Erste Feststellung: Für die völlig zerstrittene konservative Partei UMP gestaltet sich die Zukunft schwierig. Deren Kandidat Charles Demouge kam nur auf 26,54 % und verpasste somit knapp den zweiten Wahlgang. Die internen Machtkämpfe zwischen Fillon, Copé, Juppé und mittlerweile auch wieder Sarkozy haben die politische Glaubwürdigkeit der UMP derart erschüttert, dass ihr die Wähler weglaufen. Das Verhalten der Parteioberen zu dieser Nachwahl im Doubs ist allerdings auch nicht geeignet, neues Vertrauen bei den Wählern zu schaffen.
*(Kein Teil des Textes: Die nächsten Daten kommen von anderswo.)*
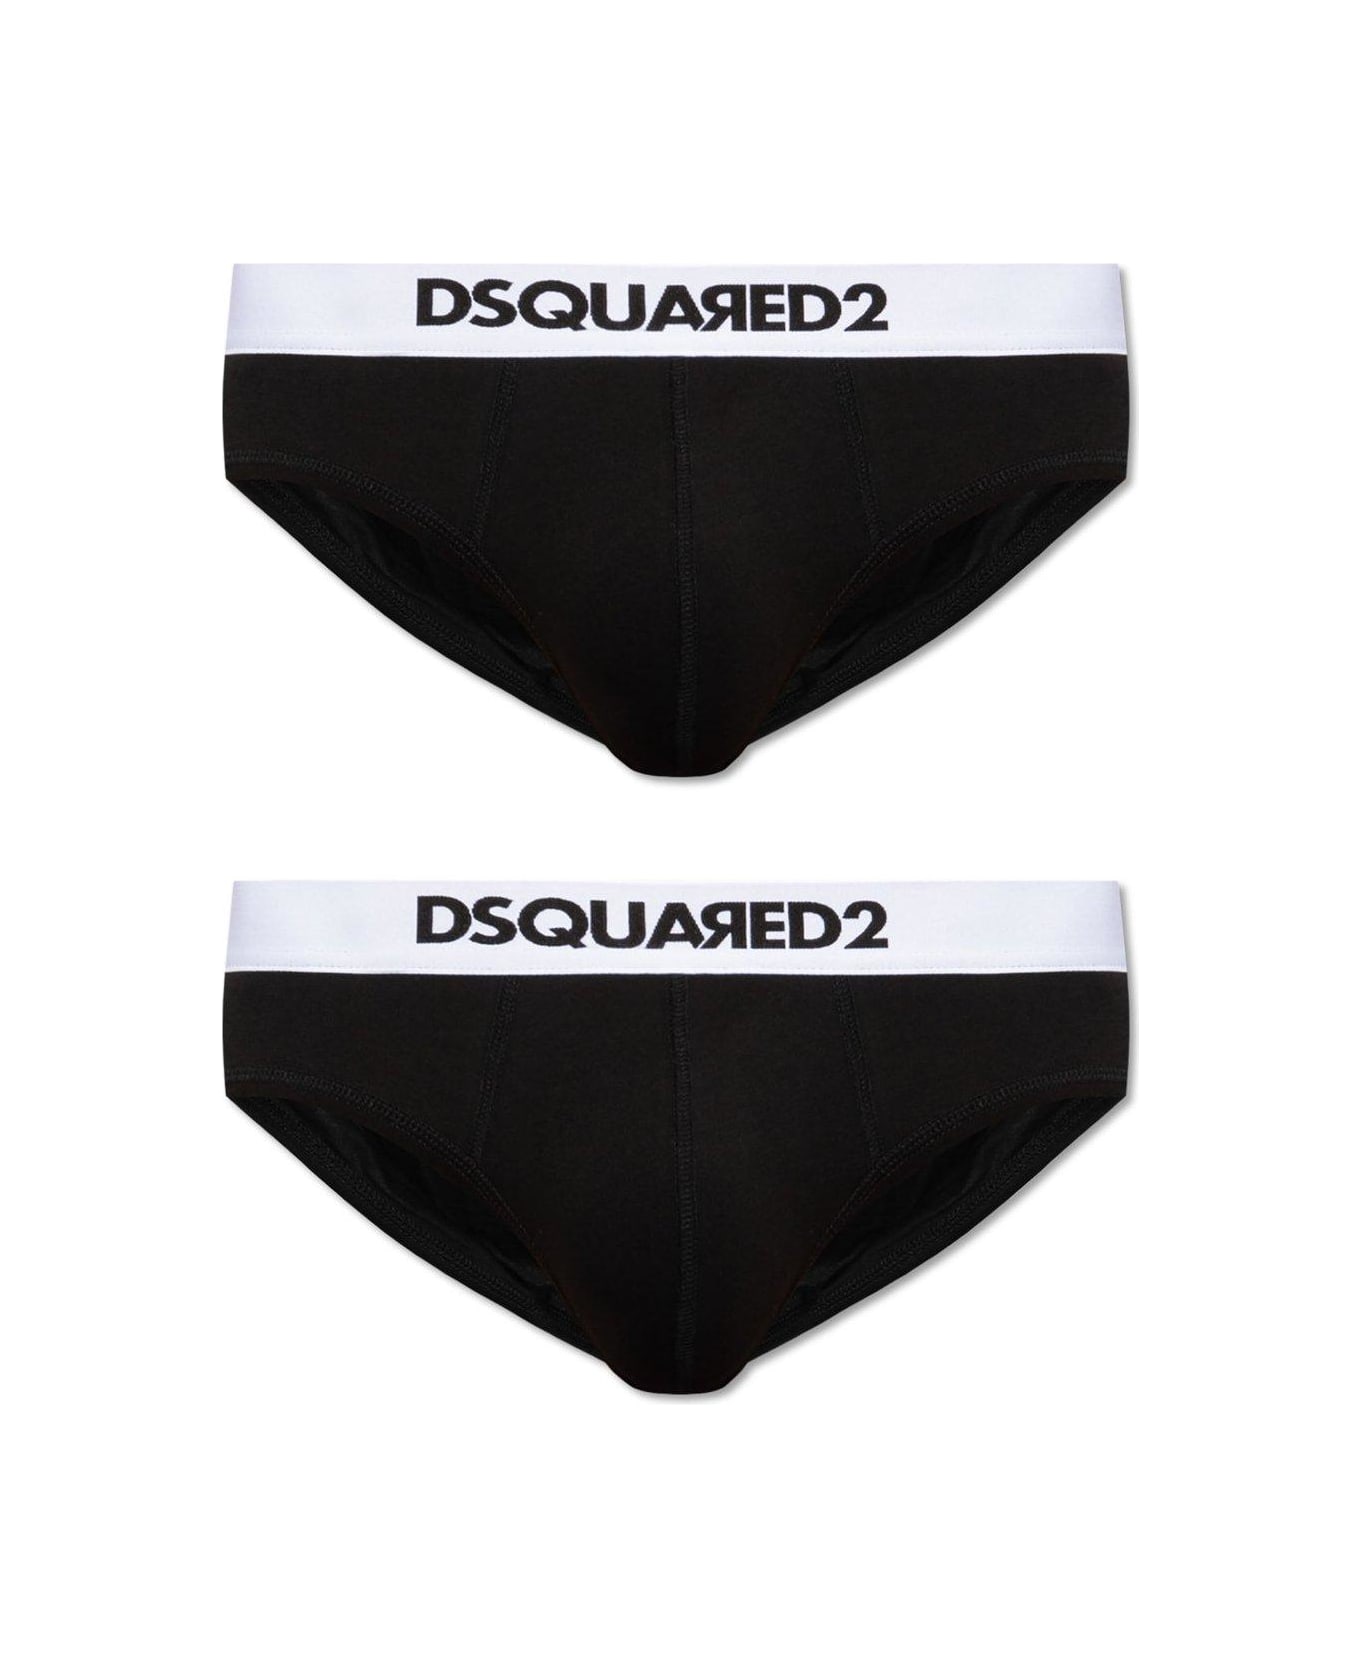 Dsquared2 2 Pack Logo Waistband Briefs - Black/white ショーツ

Während sich Nicolas Sarkozy im Vermeiden von Stellungnahmen übt, indem er keine Wahlempfehlung für den zweiten Wahlgang aussprechen will, haben sich Alain Juppé und die frühere Ministerin Nathalie Kosciusko-Morizet klar dafür ausgesprochen, republikanisch, also gegen den FN zu stimmen. Doch was soll man von einer konservativen Partei halten, deren Führungsspitze nicht einmal eine gemeinsame Position gegenüber den Rechtsextremen findet?

Zweite Feststellung: Die Sozialisten können wieder einmal über den Tellerrand blicken. Zwar hat die PS im 4. Wahlkreis des Departements Doubs massiv Stimmen verloren (Barbier holte nur noch 28,85 % der Stimmen), doch reicht es noch, um in den zweiten Wahlgang zu kommen. Angesicht der noch zu Jahresbeginn katastrophalen Umfragewerte für die PS, muss dies bereits als Erfolg gewertet werden.
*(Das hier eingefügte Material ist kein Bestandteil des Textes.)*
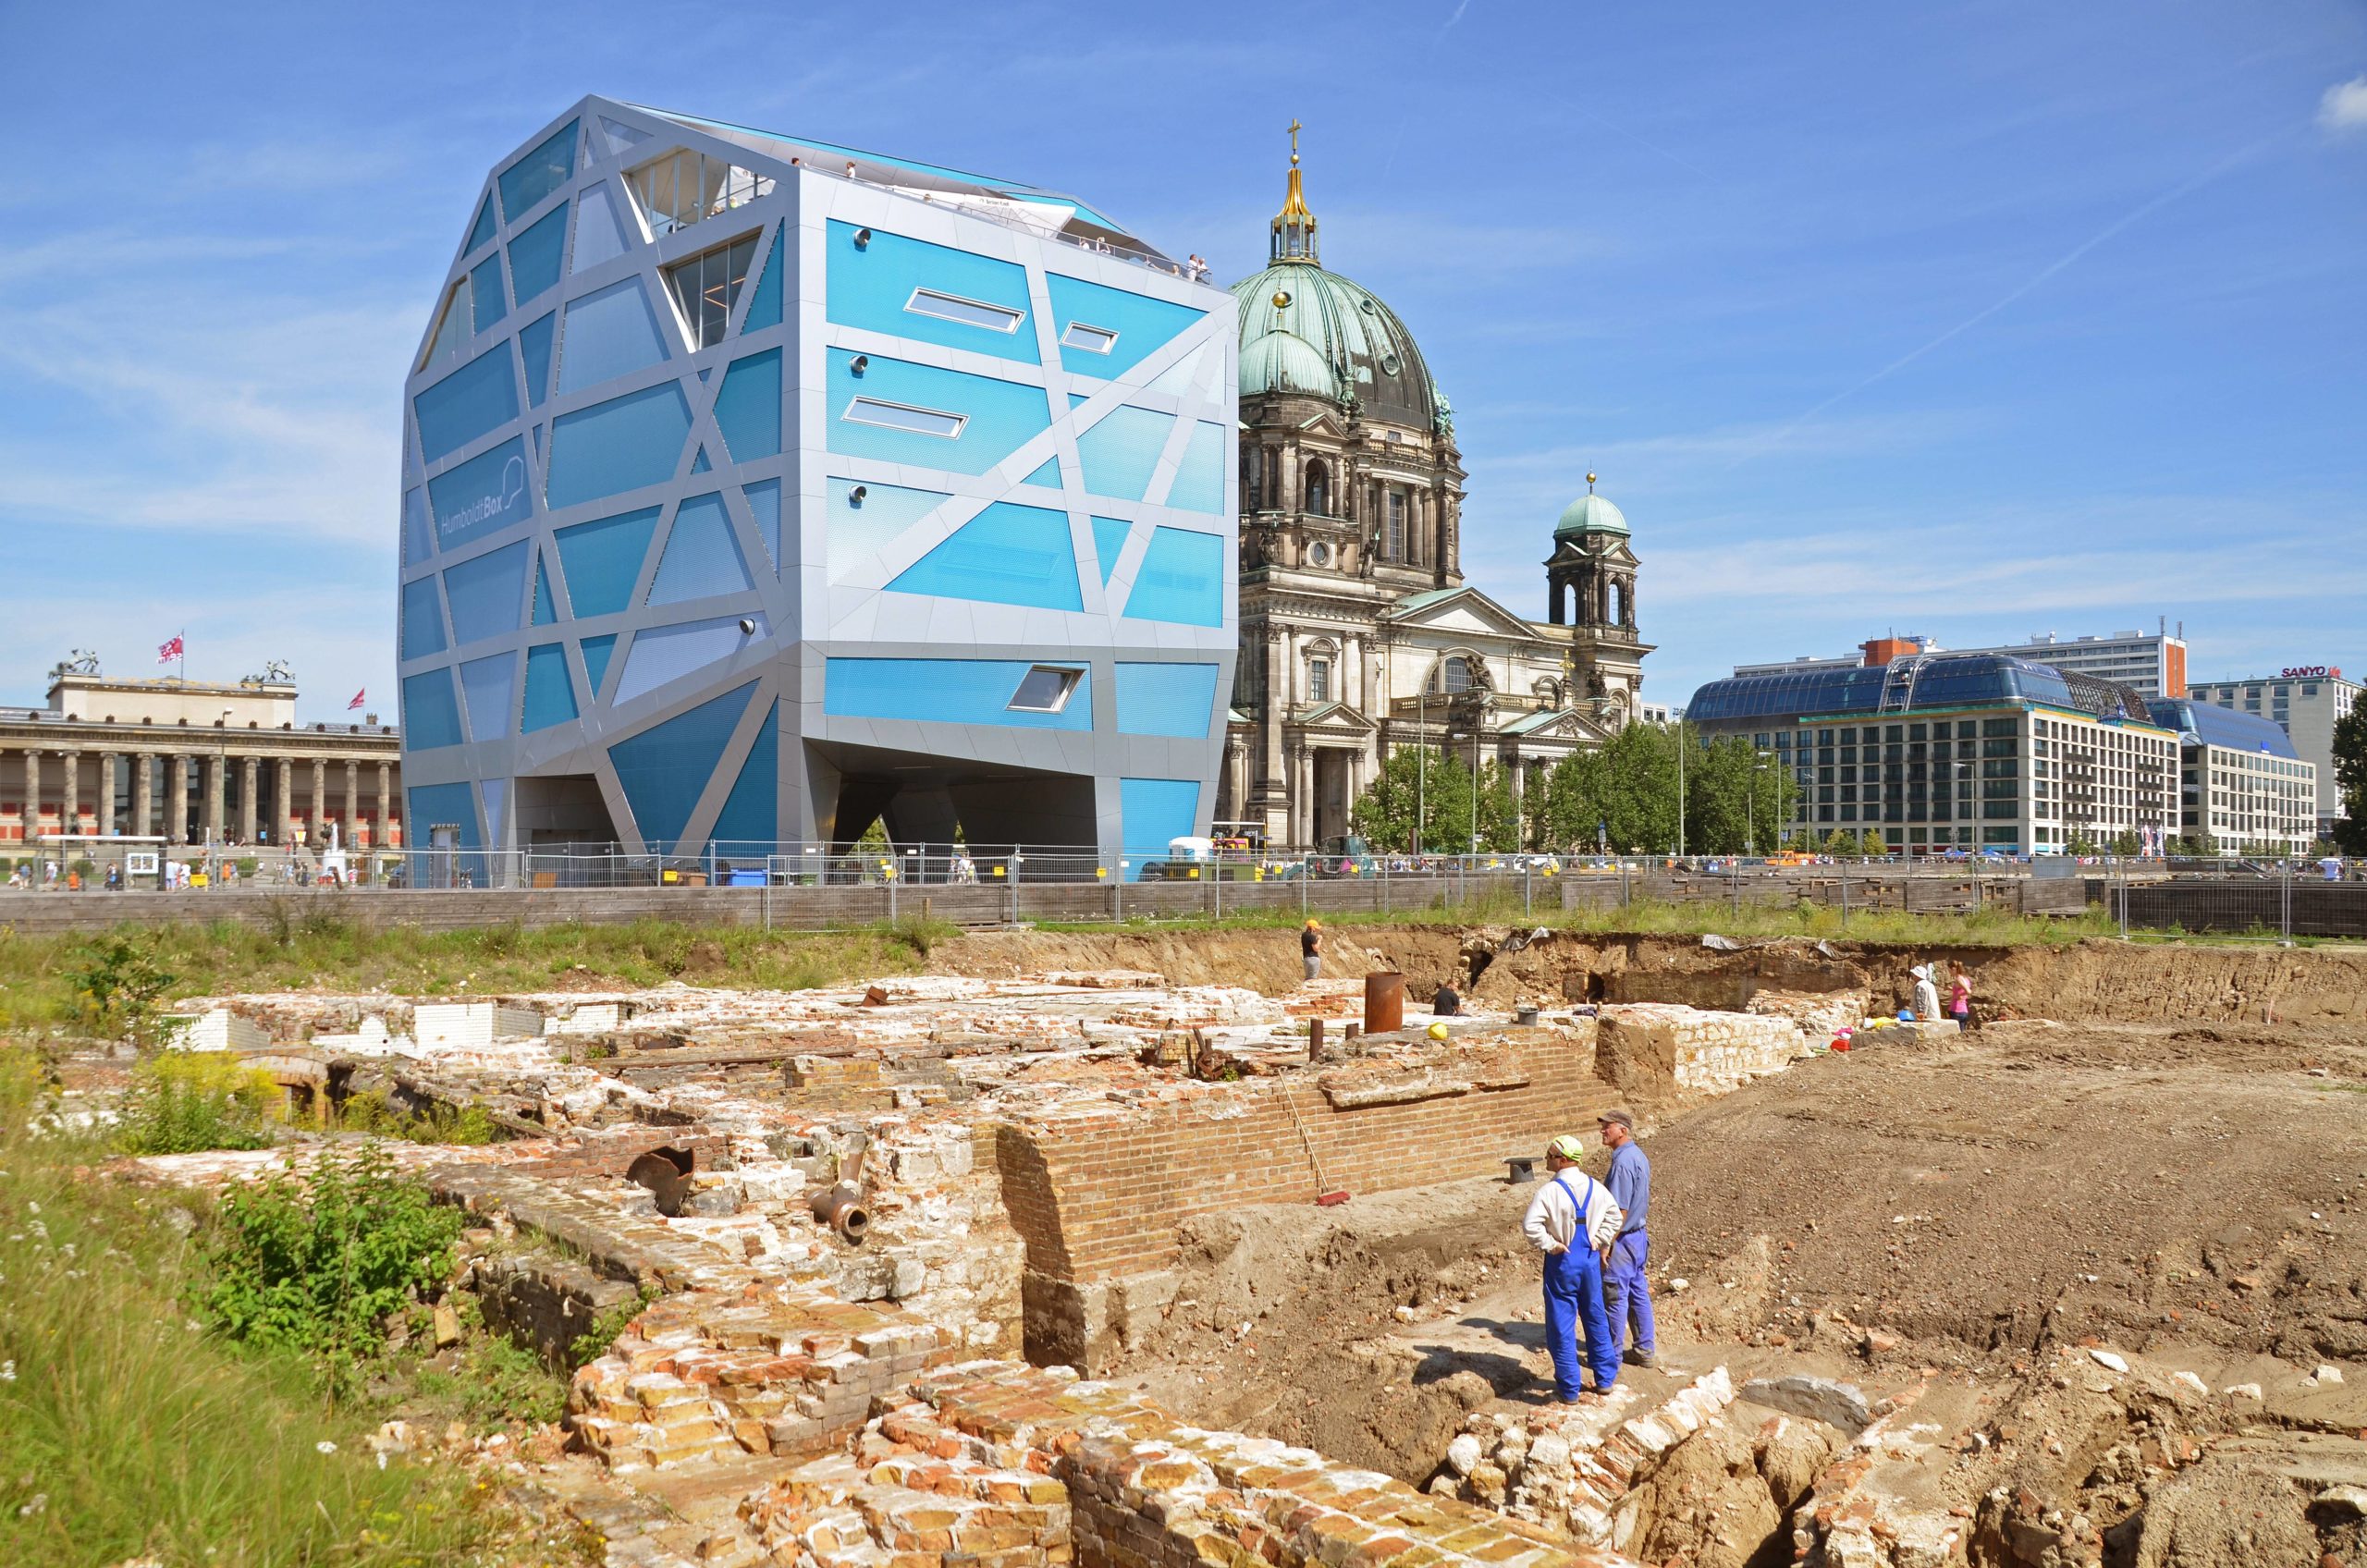 Humboldt-Box am Schlossplatz, im Vordergrund archäologische Ausgrabungsarbeiten. Foto: Imago/Raimund Müller

Dritte Feststellung: Der rechtsextreme Front National hat, trotz oder wegen der Attentate von Paris, immer stärkeren Rückenwind. Wenn fast ein Drittel der Wähler rechtsextrem wählt, sollten die anderen Parteien vielleicht doch einmal darüber nachdenken, was sie gerade falsch machen. Denn angesichts der politischen Ambitionen der FN-Führerin Marine Le Pen sollte man die Gefahr einer Machtübernahme durch den FN im Jahr 2017 nicht auf die leichte Schulter nehmen.

Was uns zurück zur Eingangsfrage bringt: Wo ist denn nur „Charlie“ geblieben? Haben die Franzosen etwa immer noch nicht begriffen, wohin der Weg des Extremismus führt? Unglaublich, dass in einem Moment, in dem eigentlich das ganze Land zusammenstand, der Aufstieg des FN unaufhaltsam weitergeht.

Frankreich spielt mit dem Feuer. Mit wem man auch spricht, jeder versucht beruhigend zu wirken, wobei die Aussage „Du wirst schon sehen, wenn es darauf ankommt, werden wir schon den FN zu verhindern wissen“. Alleine – die Zahlen und Fakten sagen das genaue Gegenteil aus. Von Wahl zu Wahl wird der Front National stärker. Die Nachwahl im Doubs bestätigt den Wahlerfolg des Front National bei den Europawahlen, bei denen die Rechtsextremen bereits als stärkste Partei Frankreichs abschnitten.

Und geradezu erschreckend ist es, welches Bild dabei die französischen „Spitzenpolitiker“ abgeben. Vor allem Nicolas Sarkozy zeigt, dass er sich wirklich nicht für eine erneute Kandidatur fürs Präsidentenamt eignet. Wenn sich Sarkozy nicht entscheiden kann, ob er seinen Parteifreunden raten soll, für oder gegen den FN zu stimmen, dann sollte er vielleicht lieber seinen Ruhestand mit Carla Bruni genießen, statt den Franzosen und Europa erneut auf die Nerven zu gehen.

Am Sonntag wird man mehr wissen – sollte sich dann die FN-Kandidatin durchsetzen und der PS einen Abgeordnetensitz abjagen, dann sollten in ganz Frankreich die Alarmleuchten auf „rot“ schalten. Denn dann ist es wirklich 5 vor 12 für Frankreich.